What operator experience does Fannie Mae require for seniors housing loans?
Fannie Mae requires demonstrated multi-property seniors operating experience from the property manager, with a track record of stabilized occupancy, NOI growth, and regulatory compliance. The key principal of the operator is underwritten alongside the property — net worth, liquidity, and operational continuity all factor in. New operators are not typical candidates; replacement-operator scenarios are sometimes accommodated with structural protections.
What are the Medicaid revenue concentration limits for Fannie Mae seniors housing?
Fannie Mae underwrites Medicaid revenue concentration carefully because Medicaid reimbursement risk is a primary credit driver. The general guideline limits Medicaid concentration to a modest percentage of total revenue, with stricter caps in states facing rate-cut pressure. Higher-Medicaid properties can still be financed but typically at lower leverage and tighter coverage.

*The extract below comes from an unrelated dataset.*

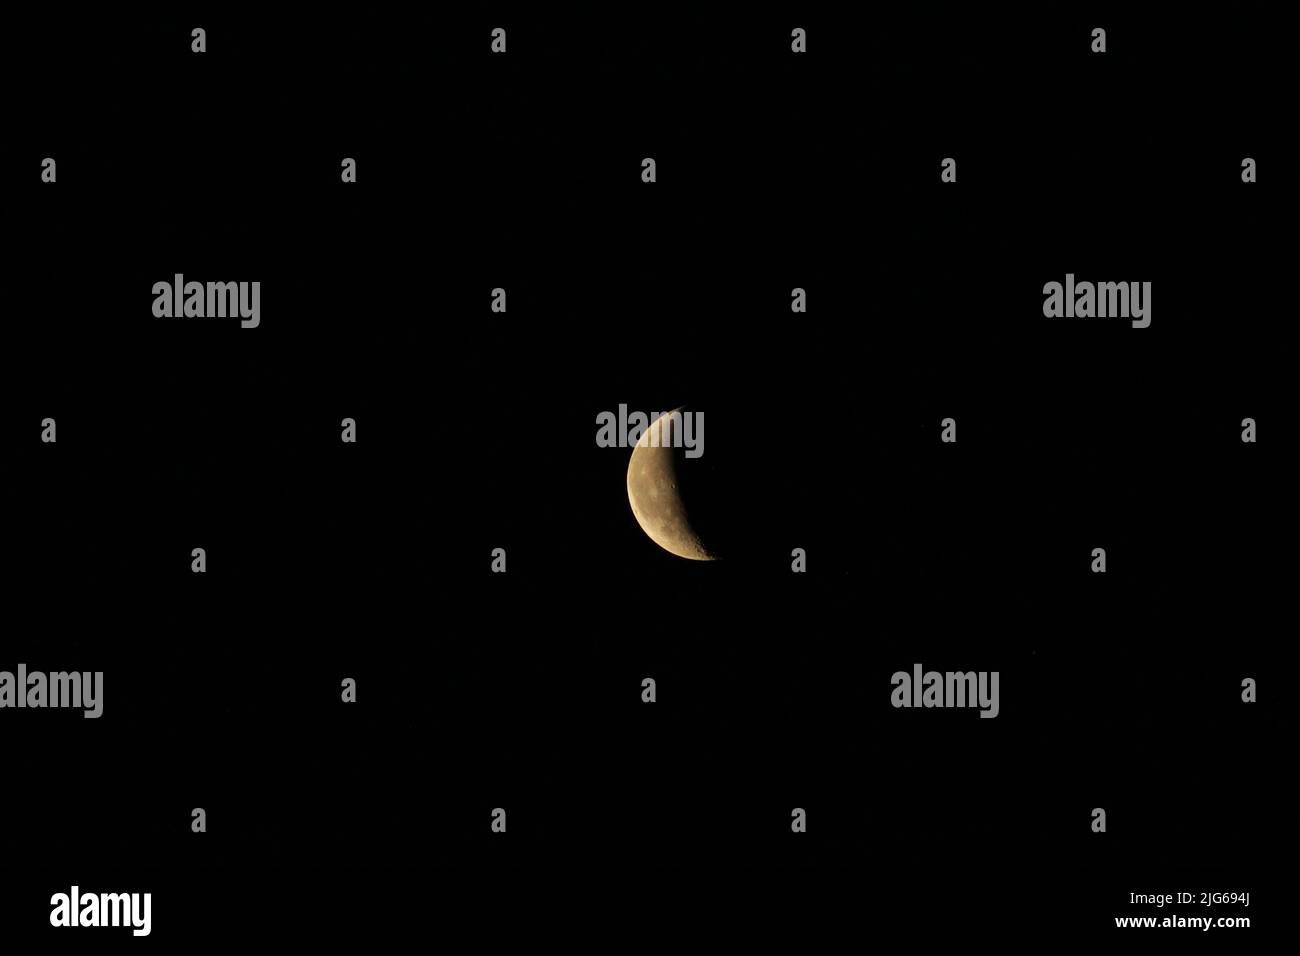 Wunderschöner Mond auf schwarzem Hintergrund Schwarzer Himmel Nacht Aufnahme Astrologischer Mondschuss mit hohen Details hochauflösende Aufnahme des Mondes Stockfoto

Are replacement reserves required for Fannie Mae seniors housing loans?
Yes. Fannie Mae requires a property-condition-based replacement reserve, escrowed monthly. Typical reserves are $250–$500 per unit per year, but the actual amount comes out of the third-party Property Condition Assessment (PCA). Higher-acuity properties (memory care) often have larger reserves to fund specialized FF&E and ongoing physical-plant updates.
Can seniors housing count toward FHFA's mission-driven requirement?
Yes — when at least 80% of units are restricted at or below 80% AMI, the loan qualifies as mission-driven. Most market-rate seniors housing assets do not meet that threshold and are not mission-driven. However, mission-driven seniors transactions exist (HUD-assisted seniors properties, state HFA-financed seniors, and naturally-occurring affordable seniors housing in low-income census tracts) and benefit from the mission-driven cap exemption.
What's the minimum loan size for Fannie Mae seniors housing?
$3 million is the typical floor for seniors housing DUS loans, though smaller transactions are reviewed case-by-case. There is no published hard maximum — large campus financings can exceed $200 million, particularly through Credit Facility executions for seniors-focused REITs.